Even though admitted, the evidence of a lay witness concerning testator's physical condition six years after the date of the will could hardly have any probative value on the objective point of inquiry, that is, the state of mind at the precise date of the testamentary act. The action of the trial court in excluding the evidence on the ground of remoteness was justified. For example, in Howes v. Colburn, 165 Mass. 385,43 N.E. 125, the trial court's limitation to a period from about eight years before the execution of the will to about two and one-half years thereafter was approved. We therefore overrule contestant's tenth point of error.

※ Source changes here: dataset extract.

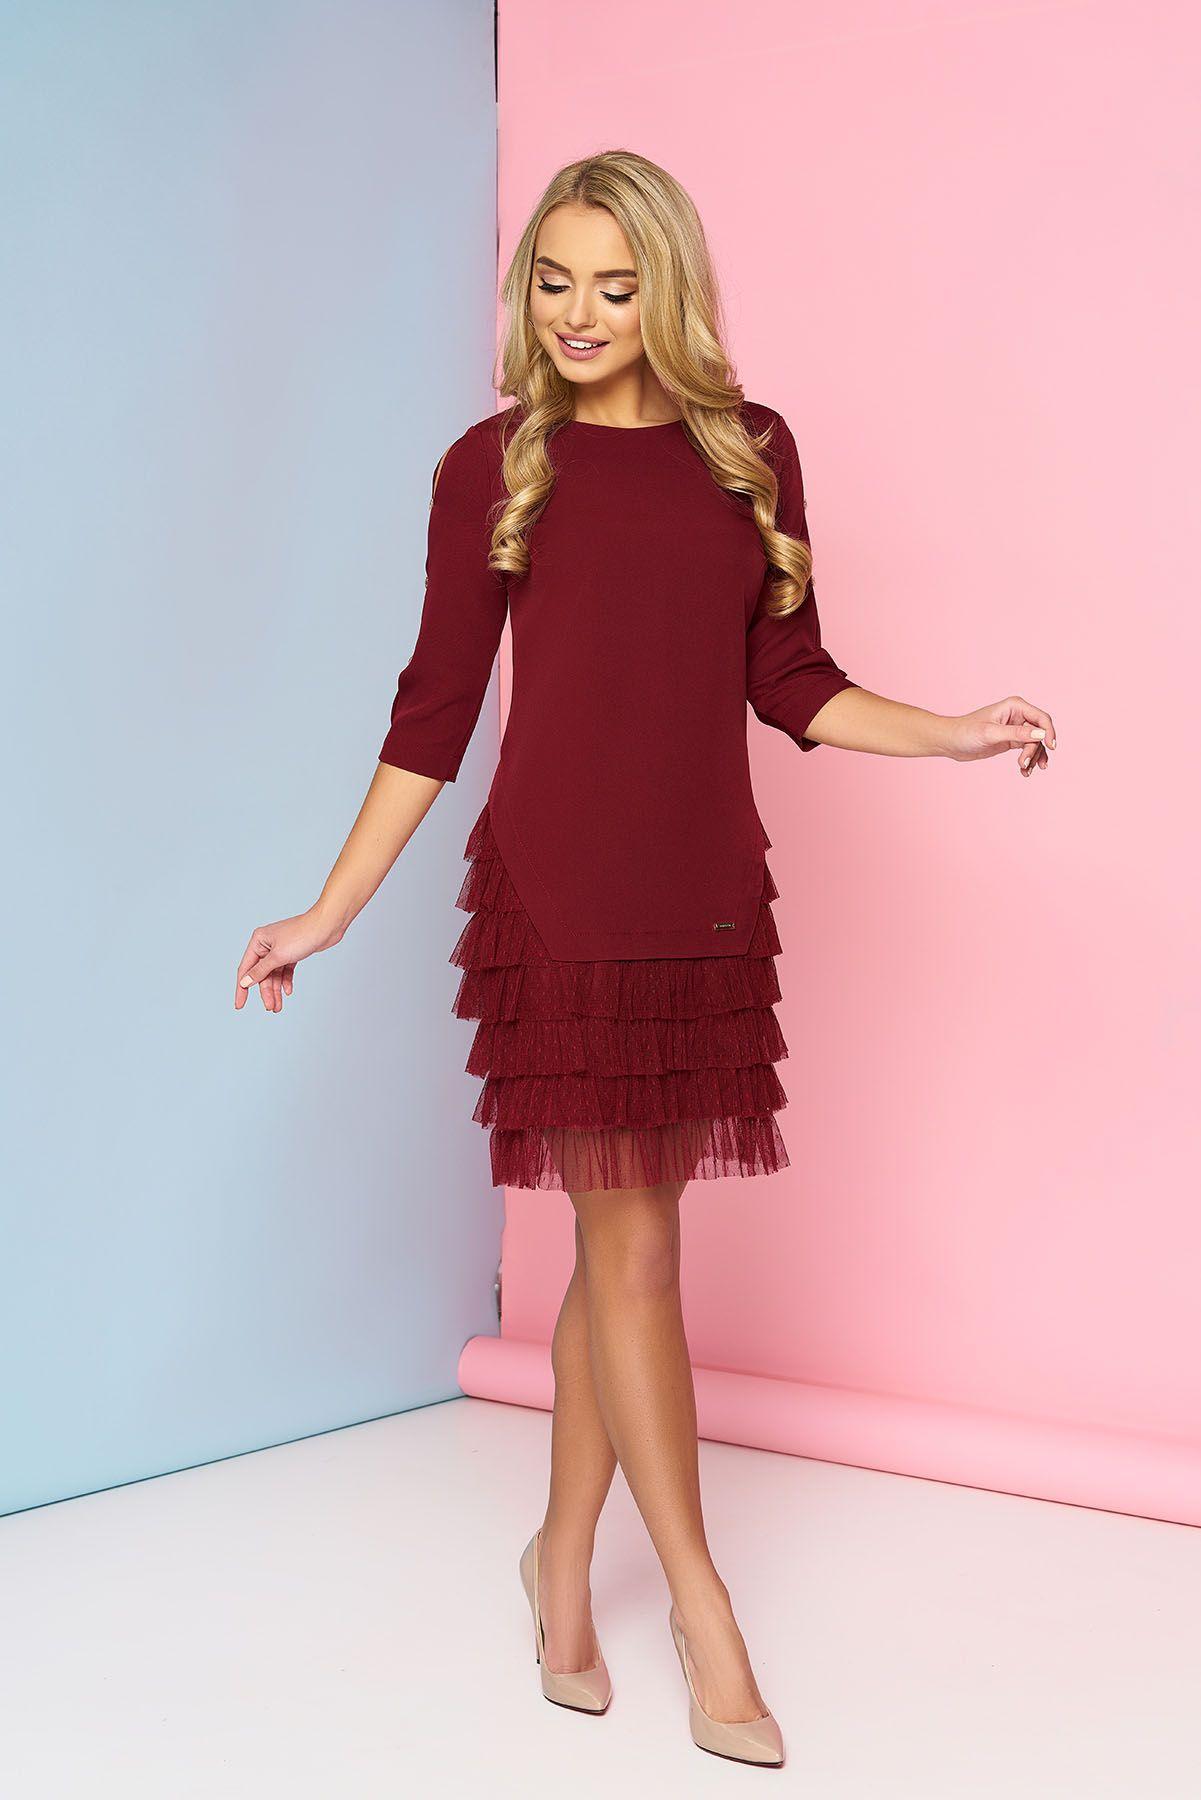 cb4be28ecbfd Восхитительная модель платья

After the case reached the district court on appeal from the probate court, contestant filed amended pleadings and sought to raise the question of whether or not that portion of the will (quoted above) giving to Frank Sylvester and wife part of the land was intended as a contract for a conveyance of said property to Sylvester. Contestant excepted to the court's charge for failing to submit this issue to the jury and submitted a requested charge on the issue, which was refused. Contestant, in her eleventh and twelfth points of error, complains of the action of the trial court in refusing to submit such issue to the jury. These points are overruled. This being an appeal to the district court from the order of the county court admitting the will to probate, the jurisdiction of the district court was appellate only and was limited to such as the probate court could properly have exercised. Constitution, Article V, Section 8, Vernon's Ann.St.; Jones v. Sun Oil Co., 137 Tex. 353,153 S.W.2d 571; Huston v. Cole, 139 Tex. 150, 162 S.W.2d 404, and authorities therein cited. See, also, Harris v. Harris' Estate, Tex. Civ. App. 276 S.W. 964.

Having overruled all of the points of error urged by contestant, we affirm the judgment of the trial court.